Collections

Within its Art Collections, the University holds an extensive and varied range of approximately 1,000 artworks. At the heart of the collection are works by former students, professors, and celebrated 20th century figures including Max Weber, Minnie Jane Hardman, and Leon Kossoff. Other significant collections, such as the Betts Collection and Archive, incorporate drawings by master artists such as Peter Paul Rubens, James Abbott McNeill Whistler and Walter Sickert.

The University’s Lettering, Printing and Graphic Design Collections contain several internationally important collections of materials relating to visual culture. This includes the Otto and Marie Neurath Isotype Collection, the Banks and Miles Graphic Design Archives, and the Hans Schmoller Collection.

Within the Special Collections, major holdings include artwork for various publishers, most notably Ladybird Books, artworks and artists’ books relating to Samuel Beckett, and significant printing and ephemera collections. An outstanding collection of vintage prints is that of Alvin Langdon Coburn, a pioneer of abstract photography.

The Museum of English Rural Life’s collections contain paintings, prints and watercolours, plus huge numbers of photographic images of the English countryside. The spectacular Festival of Britain wall hangings by Michael O’Connell were recently conserved and displayed.

Context

The University has a rich artistic heritage that spans more than 150 years, having begun life as a School of Art in the town (learn more about its history here). Reading was the first School of Art in the UK to offer a master’s degree in Fine Arts, first established in 1968.

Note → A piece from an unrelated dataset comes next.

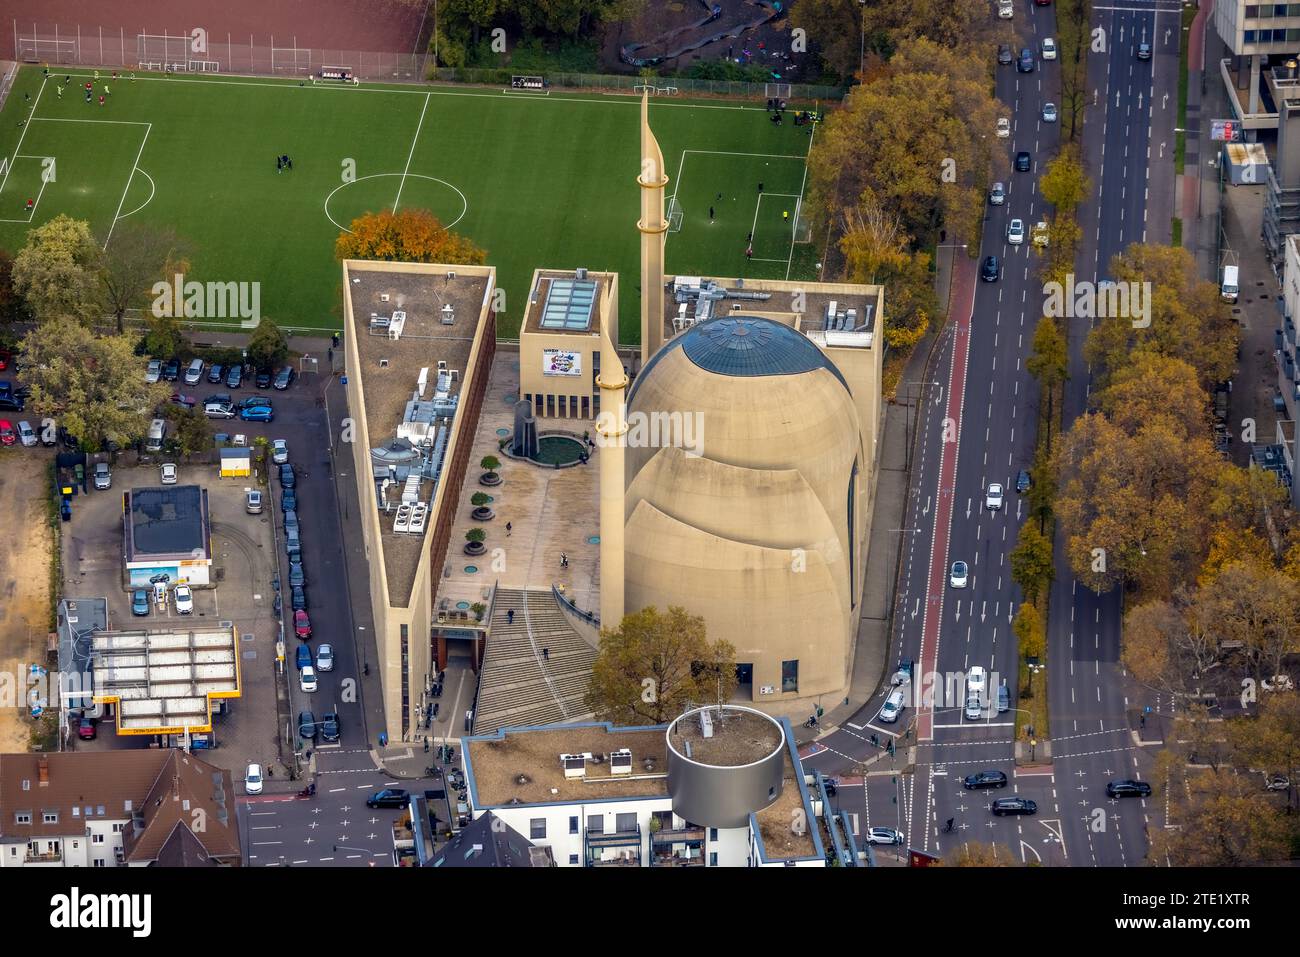 Vista aerea, Moschea centrale Ditib di Colonia con design moderno, nuovo centro sportivo del quartiere, campo da calcio Ehrenfeld, Ehrenfeld, Colonia, Rhinel Foto Stock

Today the University produces subject-leading research and teaching related to visual culture from both fine art and graphic design perspectives.

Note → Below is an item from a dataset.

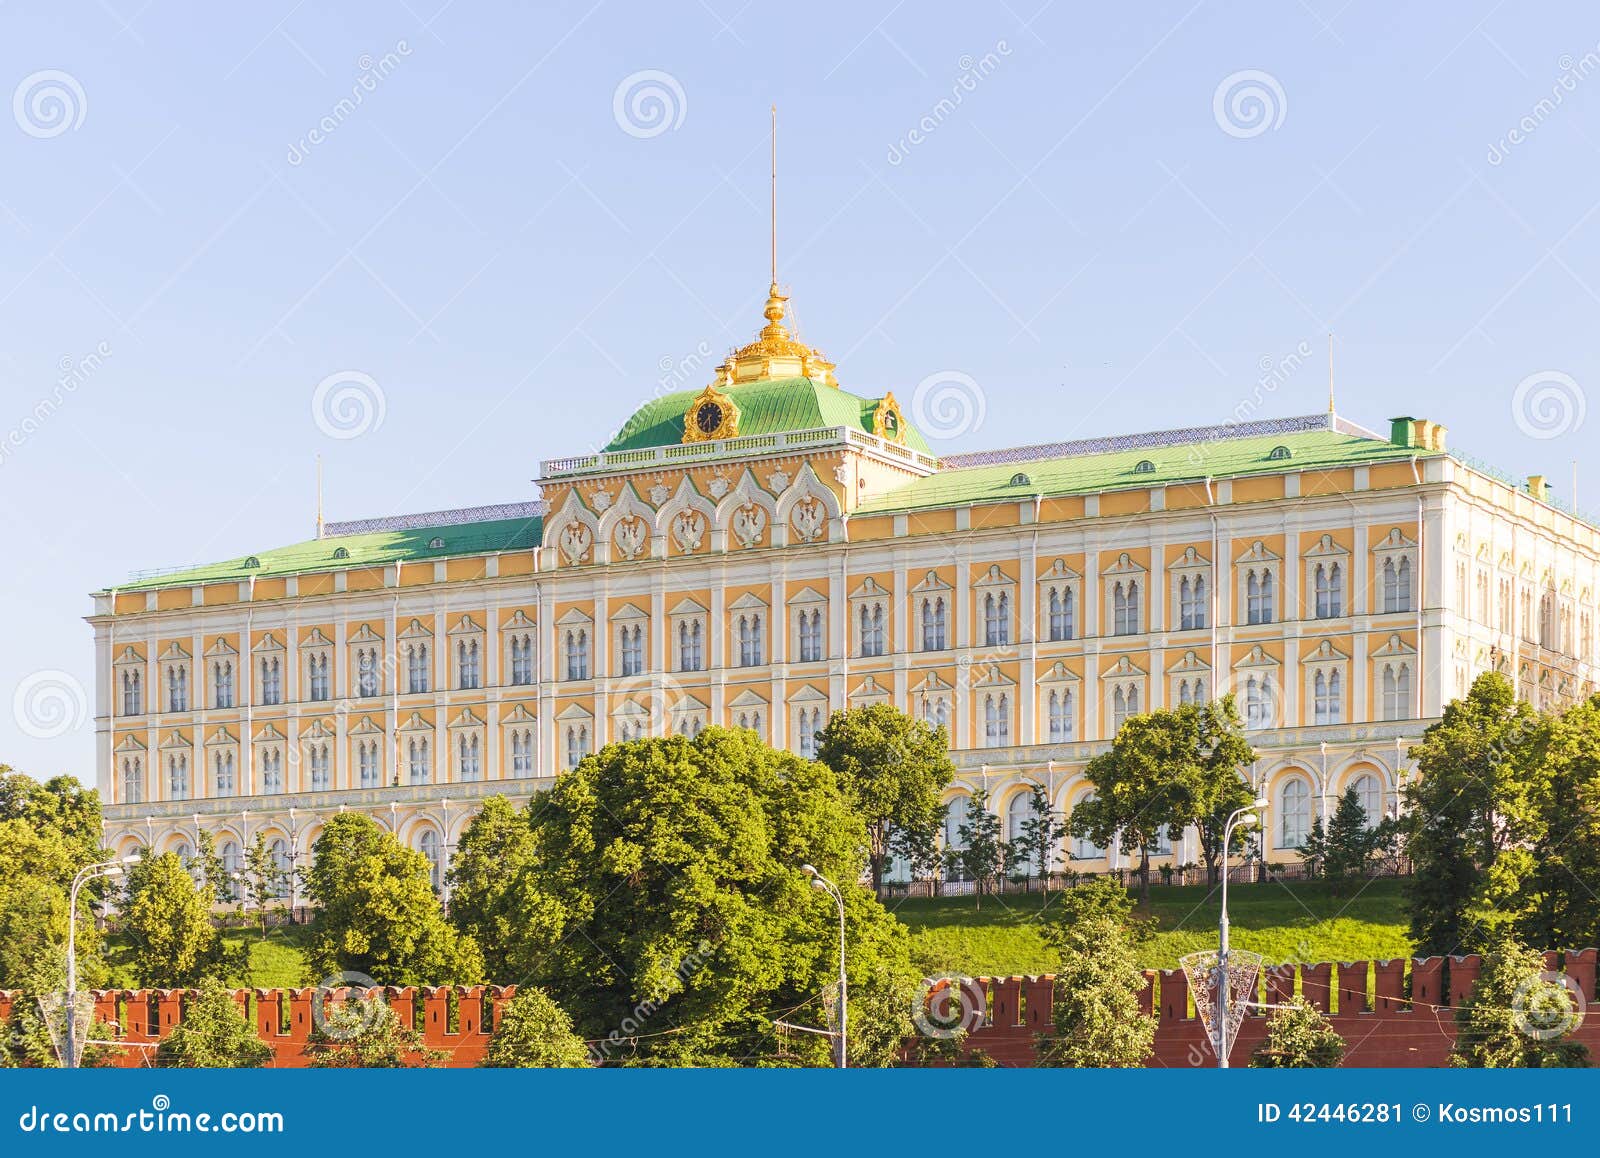 Как выглядит большой кремлевский дворец. Большой Кремлёвский дворец в Москве. Кремль большой Кремлевский дворец. Большой Кремлёвский дворец в Москве резиденция президента. Кремль большой Кремлевский дворец здание.

Reading also has a unique place in the history of photography, William Henry Fox Talbot having produced the first book in the world to be illustrated with photographs in the town between 1844 and 1846.

Public involvement is vital to our programmes: examples include the Arts and Culture blog, Reading International and the Art on Campus trail.

Highlights

MERL Paintings

The collection of livestock portraiture at The MERL consists of both paintings and prints. Livestock portraiture depicting prize animals – cattle, oxen, pigs and sheep – began to appear in the mid-eighteenth century. We derive much historical value from these commissioned paintings through their collective recording of the process of English livestock improvement.

Minnie Jane Hardman

Minnie Jane Hardman (née Shubrook) (1862-1952) was a student at the Royal Academy Schools in 1883-1889. The breadth and unrivalled coverage of the Minnie Jane Hardman Collection at the University of Reading provides a unique and in-depth insight into the education and practice of a female artist during this period. Works include sketches after the antique, anatomical and life drawings, and studies and examination papers in perspective.

Otto and Marie Neurath Isotype Collection

The Otto and Marie Neurath Isotype Collection is the most comprehensive archive of the work of the Isotype movement. It documents methods of designing and disseminating data that have played a major role in twentieth-century graphic design thinking.